→ EXERCISE DIRECTIONS
Would you give the listing back word for word once its pictures are removed?
(RECORDED INFORMATION begins)
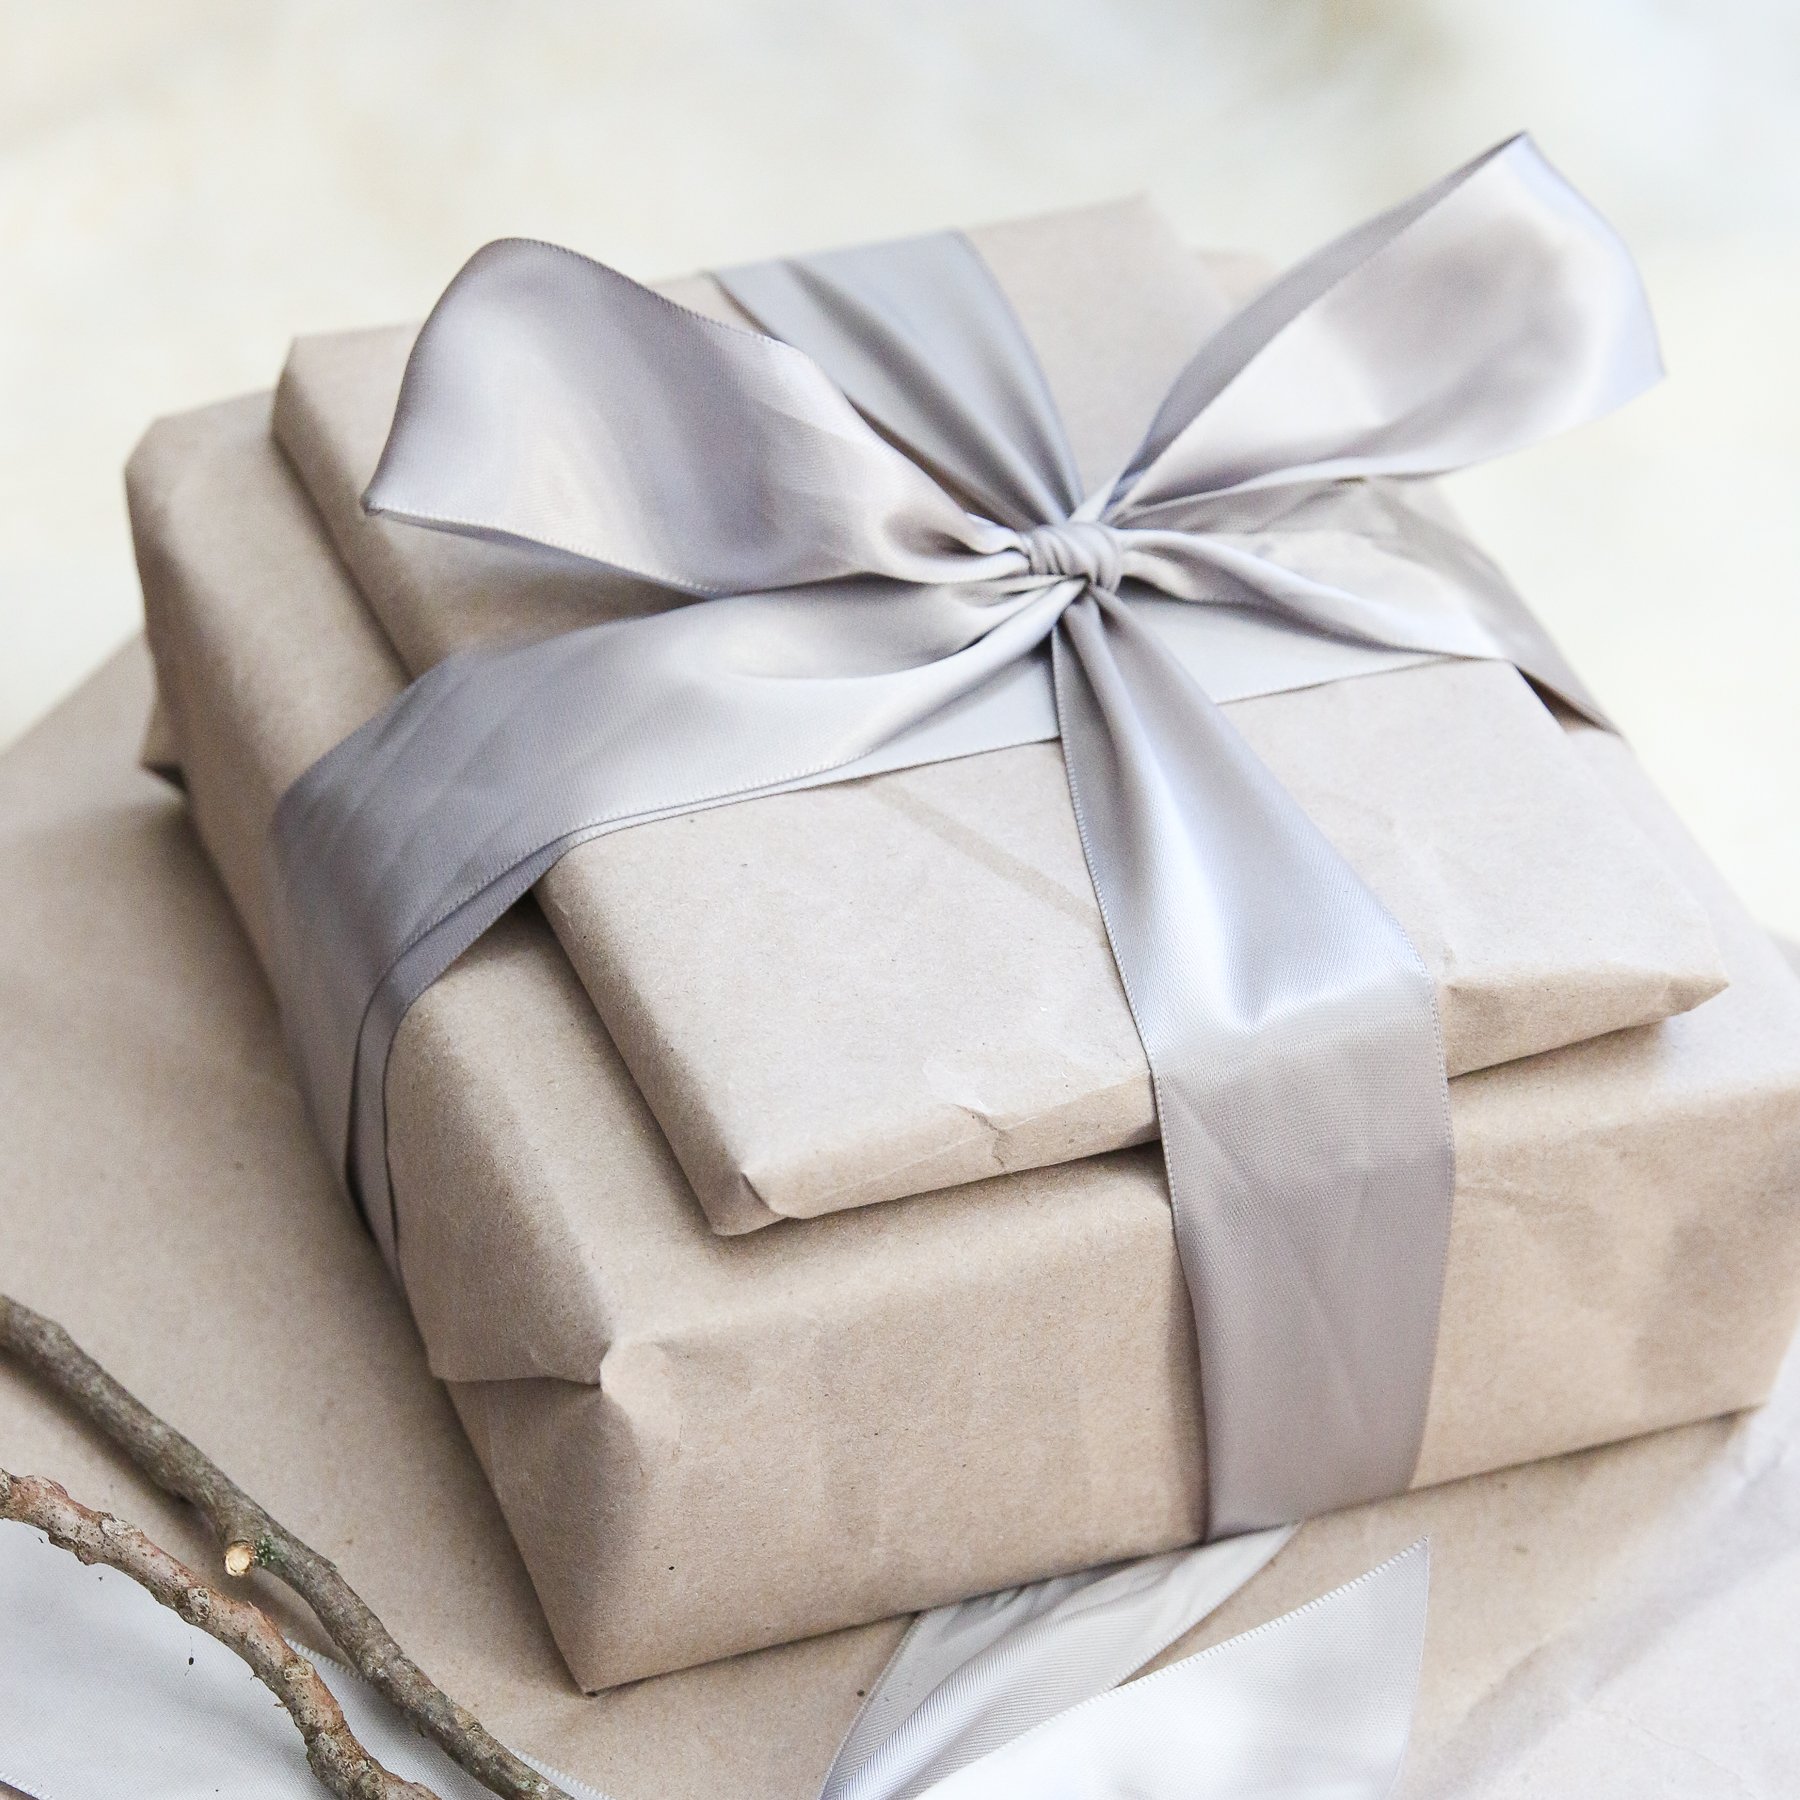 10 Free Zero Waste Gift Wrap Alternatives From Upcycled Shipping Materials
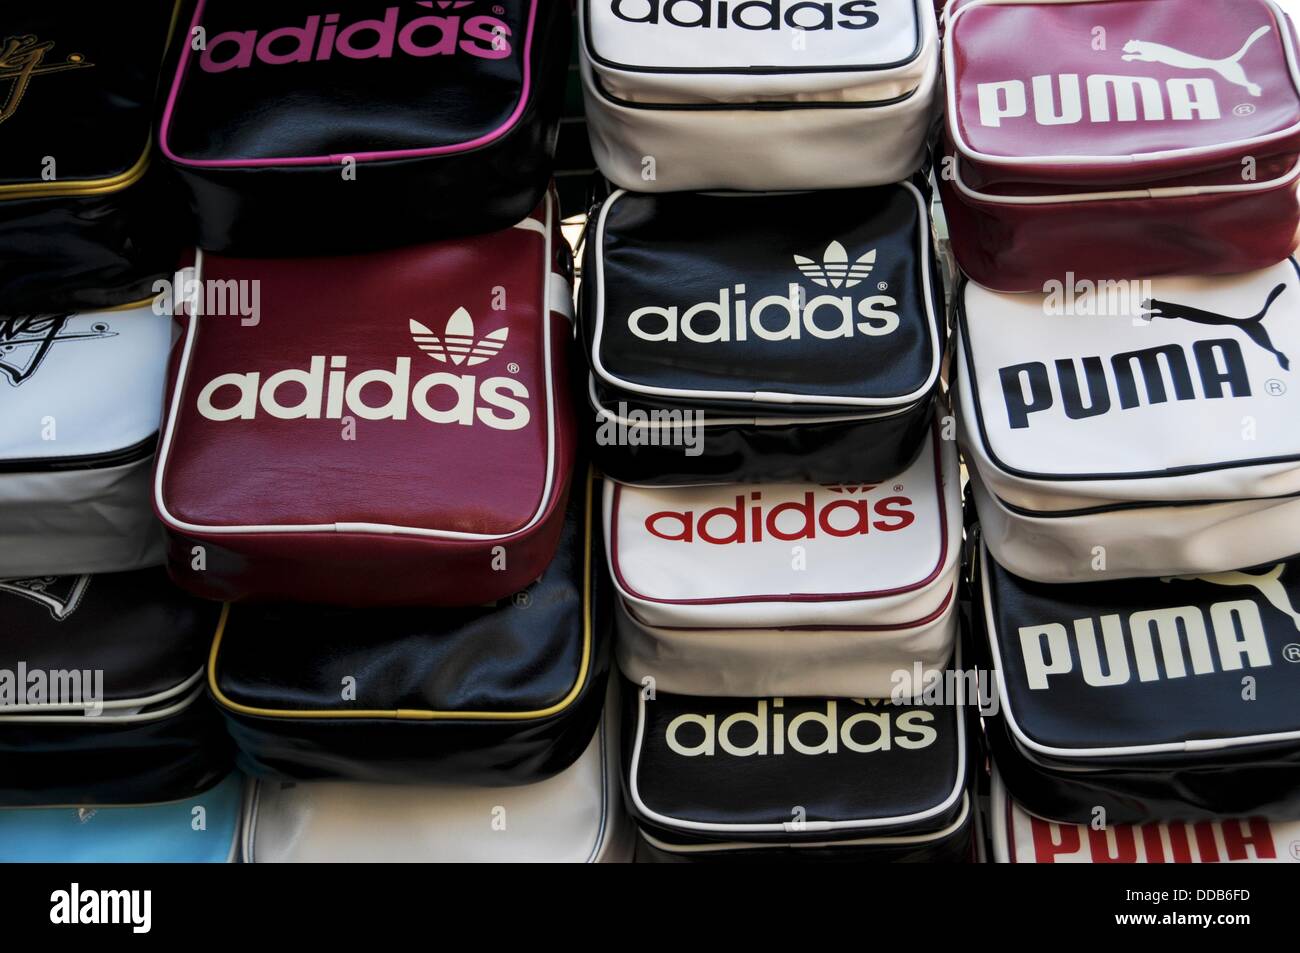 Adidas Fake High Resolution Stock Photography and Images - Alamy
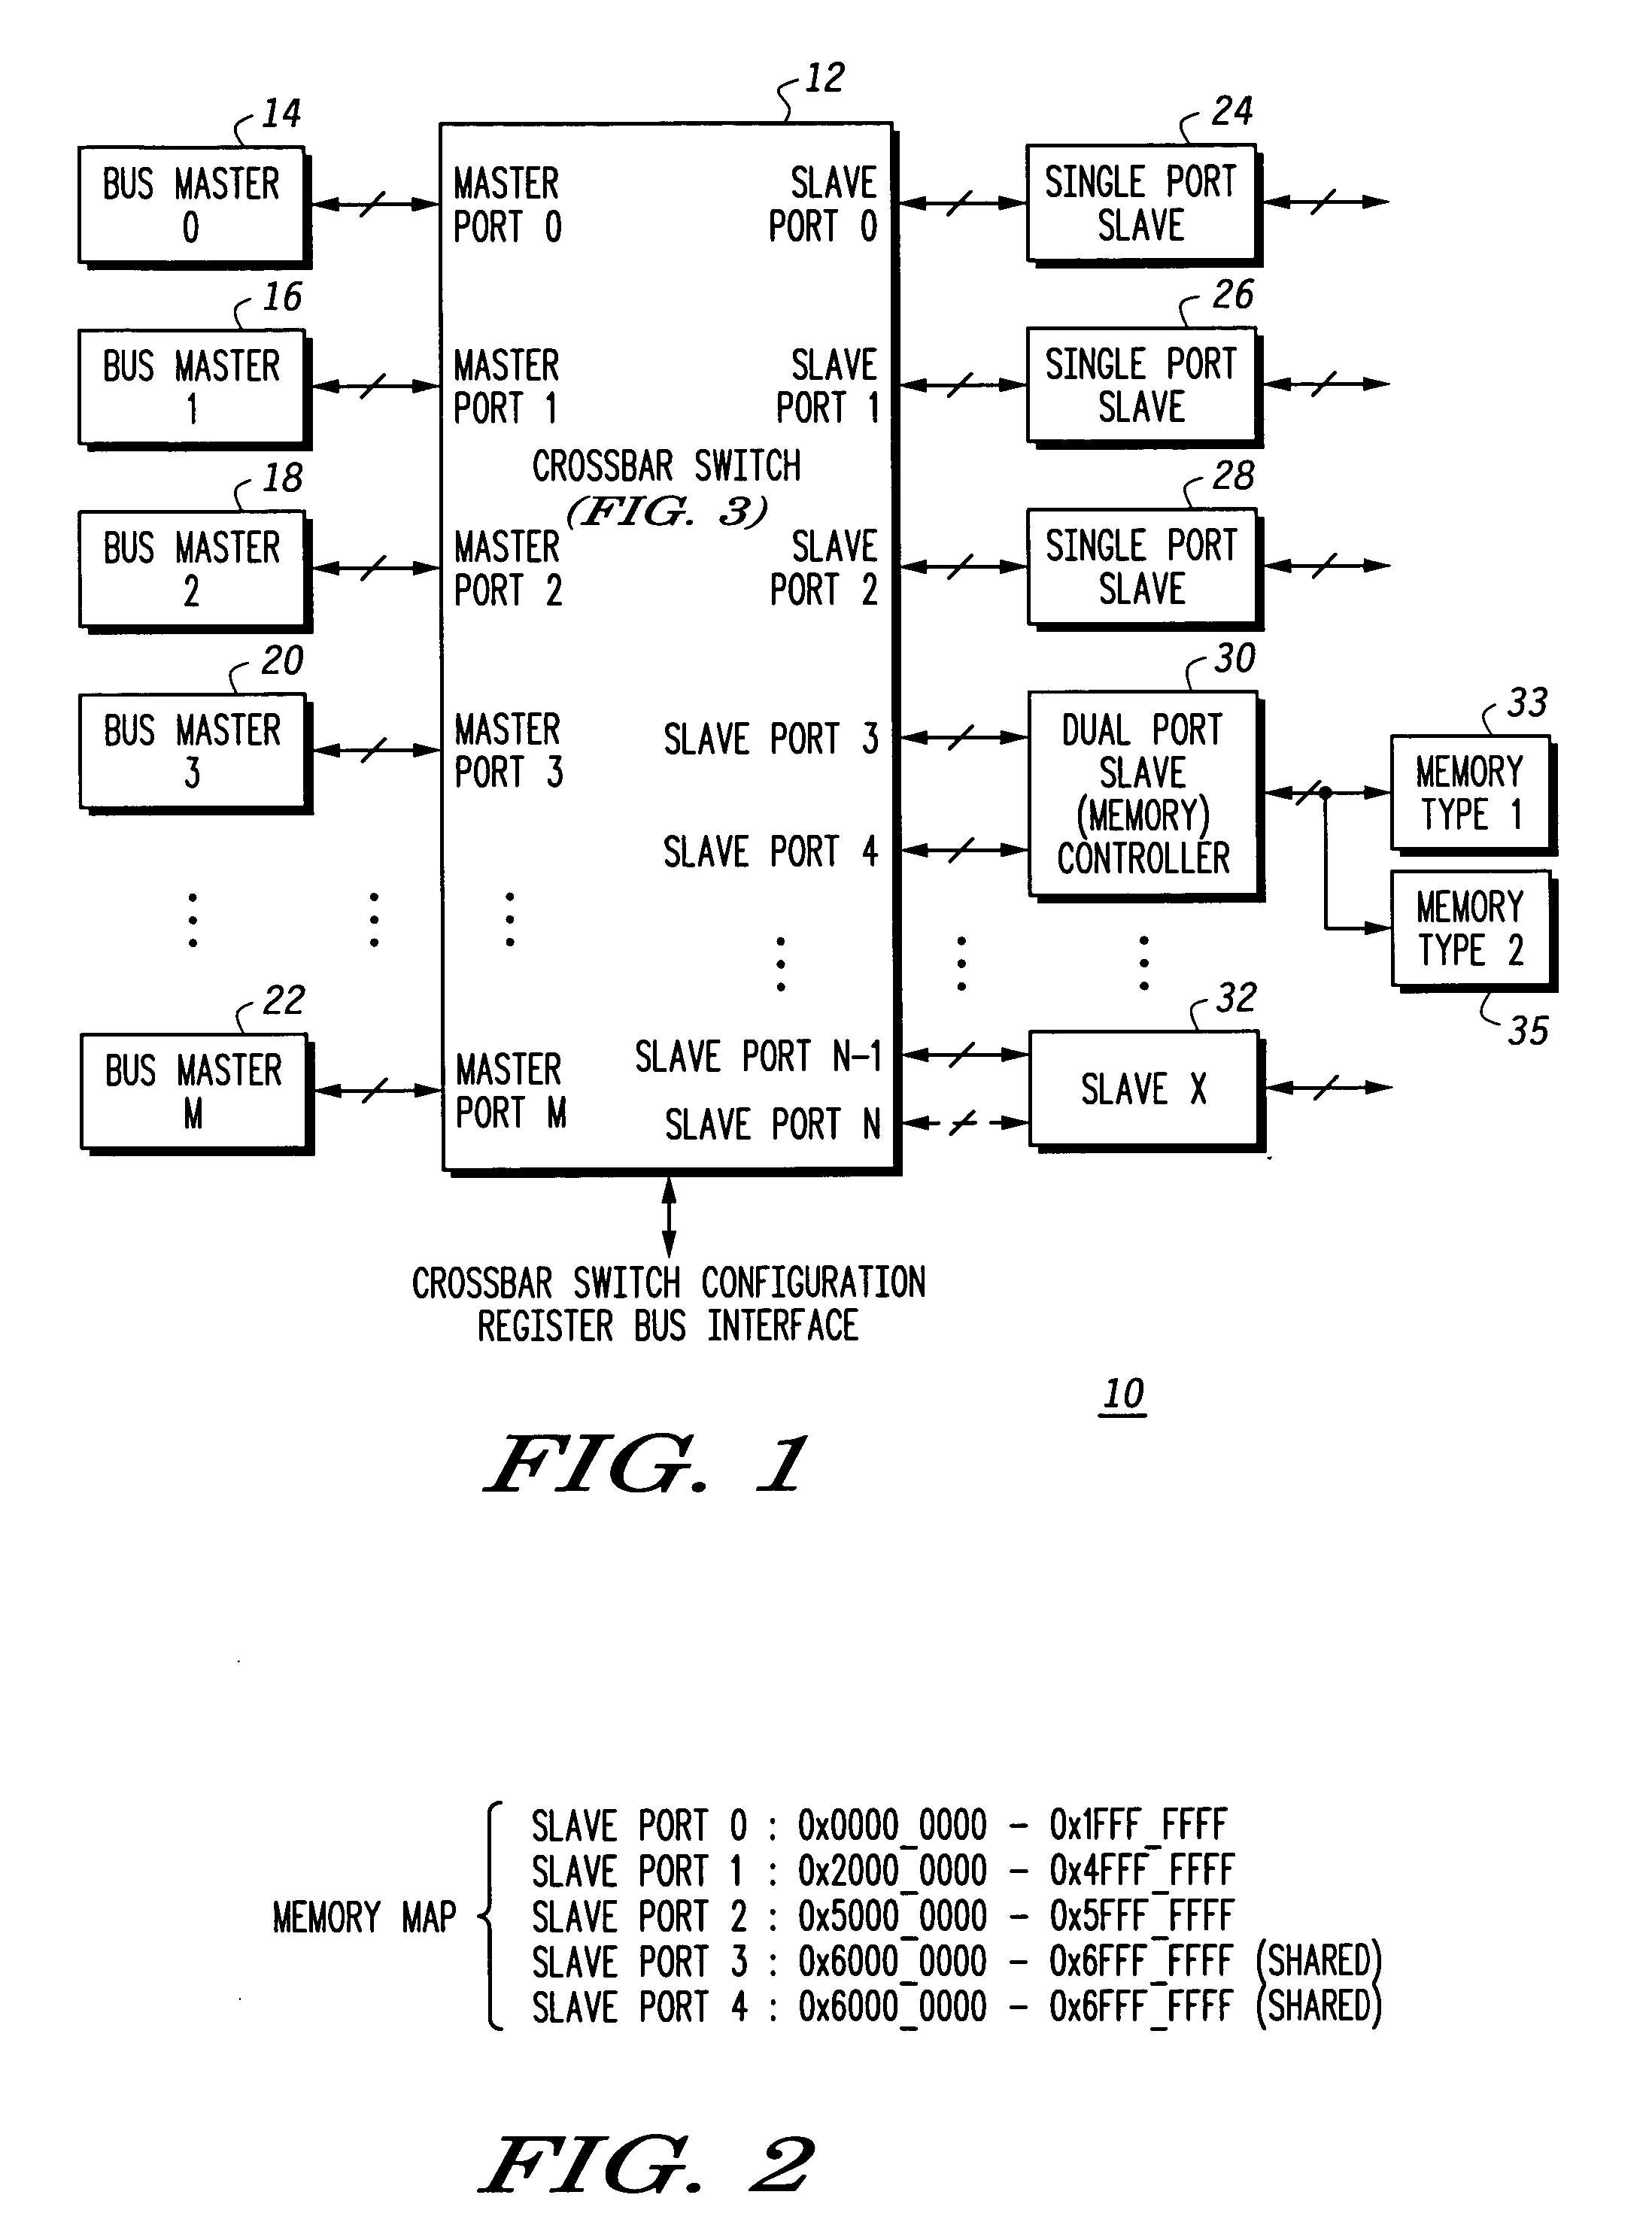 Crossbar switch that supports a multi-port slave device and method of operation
(RECORDED INFORMATION ends)
→ ANSWER BOX
 10 Free Zero Waste Gift Wrap Alternatives From Upcycled Shipping Materials
 Adidas Fake High Resolution Stock Photography and Images - Alamy
 Crossbar switch that supports a multi-port slave device and method of operation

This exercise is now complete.